Panorama Opinión. En la antesala de cualquier proceso electoral, los ciudadanos dominicanos se enfrentan al mismo ritual: políticos que recorren el país prometiendo cambios, mientras las pancartas y los comerciales saturan el espacio público con eslóganes vacíos. Pero cuando uno rasga la superficie del discurso oficial, se topa con una realidad incómoda que parece no tener dueño. ¿Quién responde por los problemas históricos que nos aquejan? ¿Quién explica por qué el presupuesto nacional crece año tras año, no por una mayor eficiencia recaudatoria, sino gracias a un endeudamiento que nos ata al futuro?
Para merecer un voto, no basta con una cara bonita o un jingle pegajoso. Es imperativo «hablar claro» sobre el coctel maldito que amenaza la estabilidad de la nación: el dúo dinámico de la política y los negocios que ha encontrado en la emisión de bonos, instrumentos de hacienda y certificados del Banco Central una gallina de los huevos de oro, mientras la ética desaparece del paisaje del servidor público.

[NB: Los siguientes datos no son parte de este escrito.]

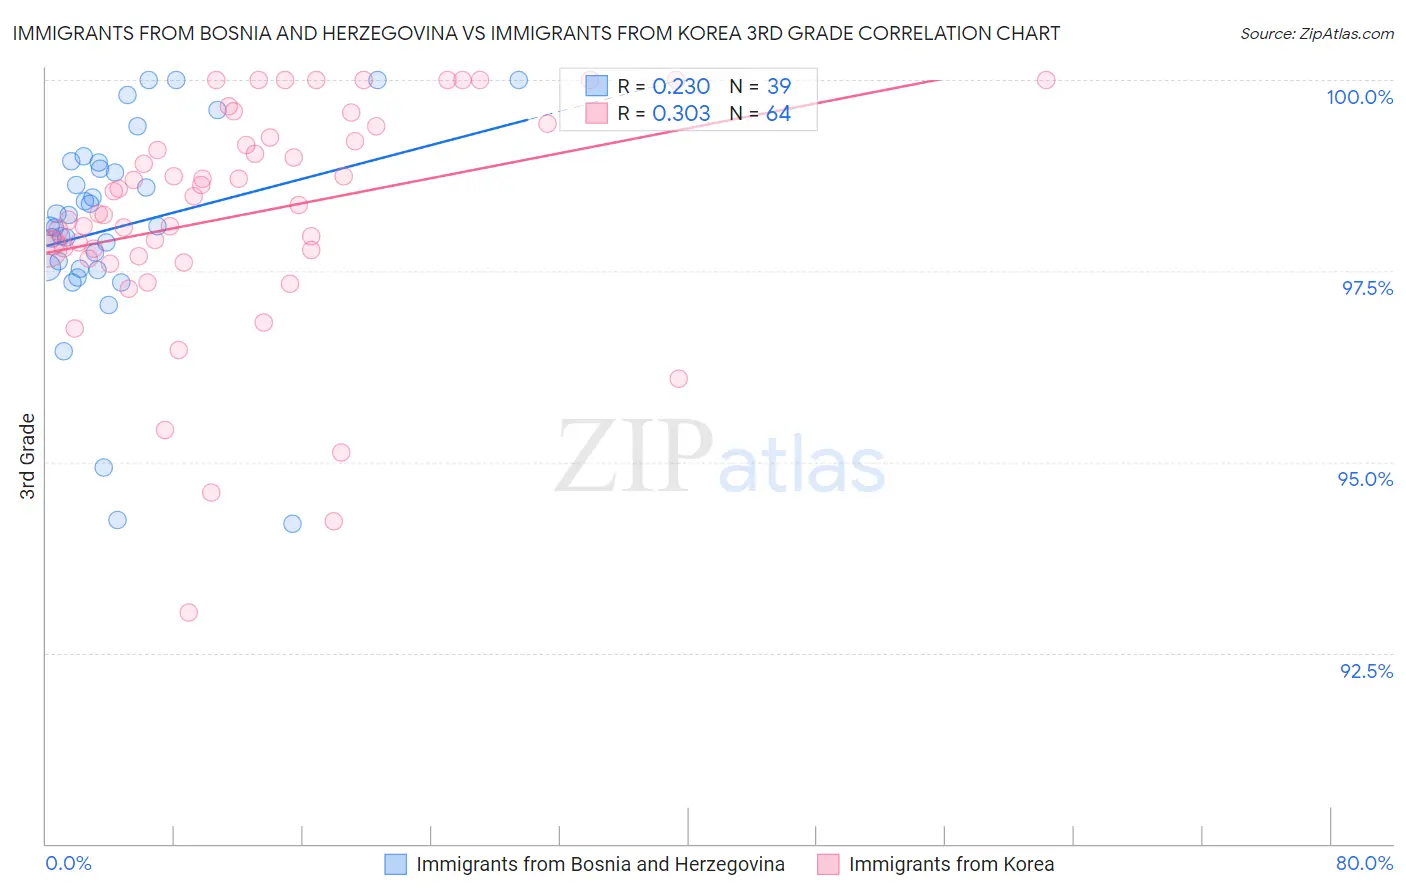 Immigrants from Bosnia and Herzegovina vs Immigrants from Korea 3rd Grade
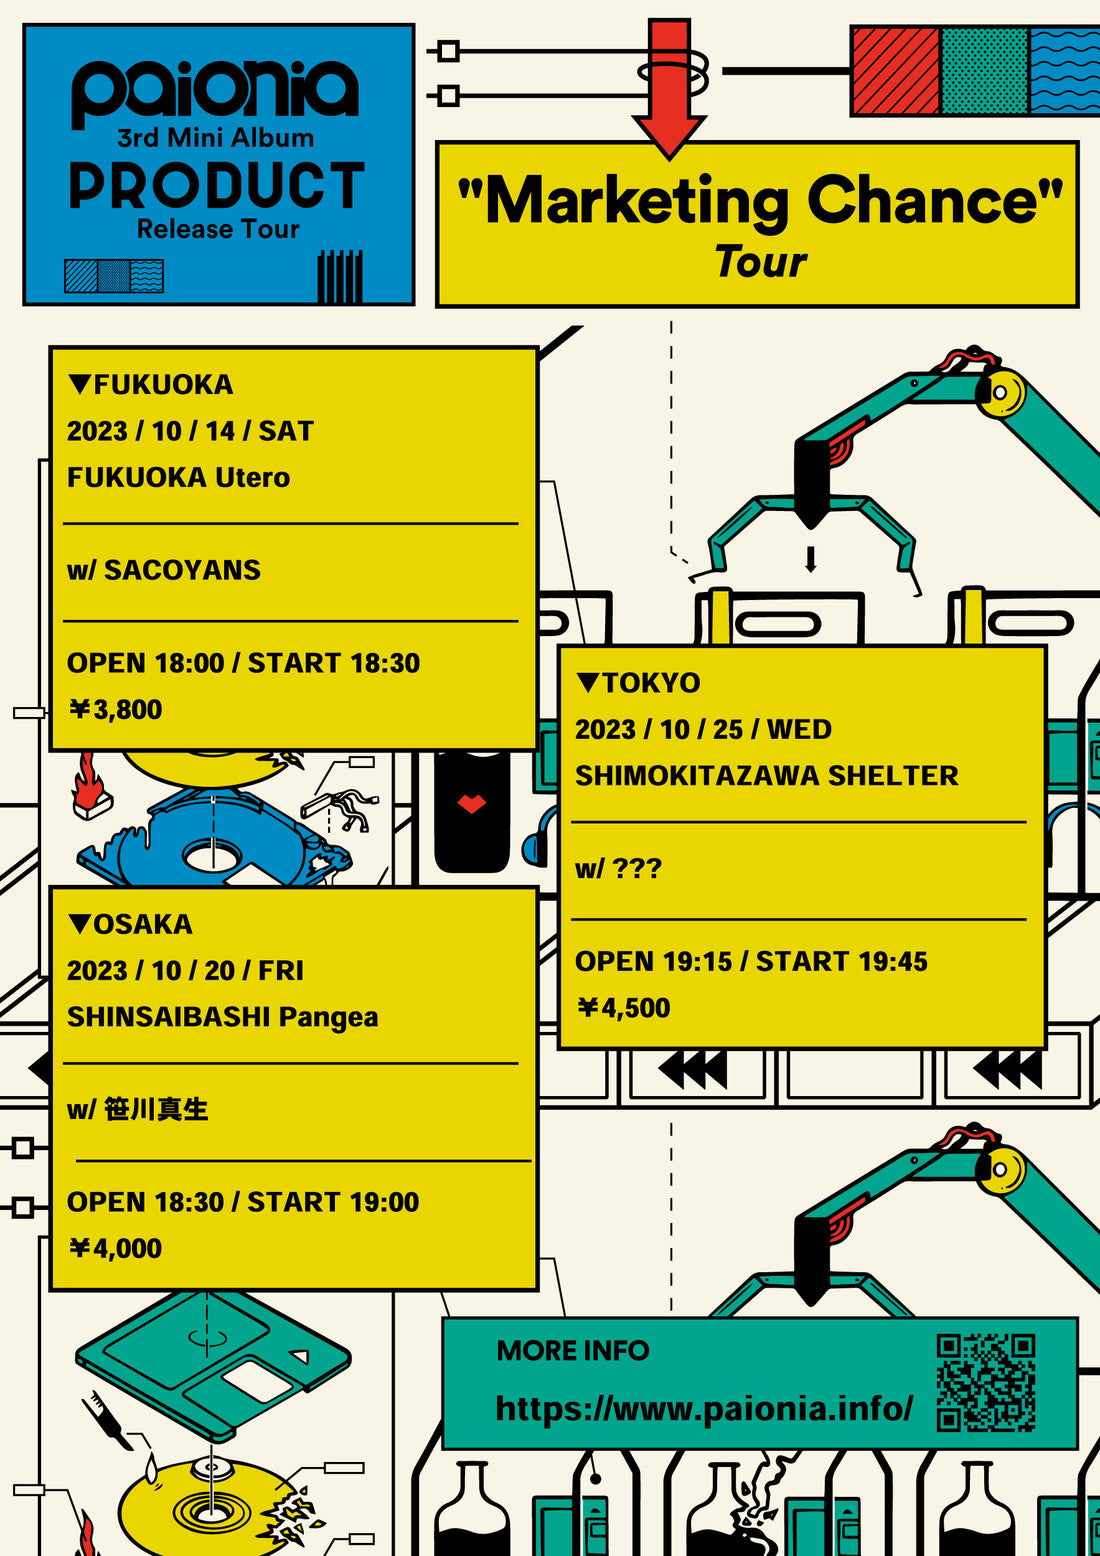 paionia 3rd Mini Album「PRODUCT」Release Tour "Marketing Chance" Tour -大阪編-

El diagnóstico de una herencia pesada
República Dominicana arrastra problemas históricos que no son nuevos, pero que en los últimos años han mutado hacia formas más complejas y difíciles de combatir.
Según la más reciente Encuesta nacional de opinión pública ACDMedia de febrero de 2026, los ciudadanos son claros al señalar a los culpables de su descontento: la delincuencia e inseguridad (36%), el alto costo de la vida (29.5%) y la corrupción gubernamental (15.4%).
Estos números no son solo estadísticas; son el reflejo de una sociedad que siente que el pacto social se ha roto. La inseguridad es hija de la falta de oportunidades y de un sistema penal que no disuade. El costo de la vida es la cara visible de una economía que crece en macro, pero no llega al bolsillo del ciudadano de a pie. Y la corrupción… la corrupción es la madre que los cobija a todos.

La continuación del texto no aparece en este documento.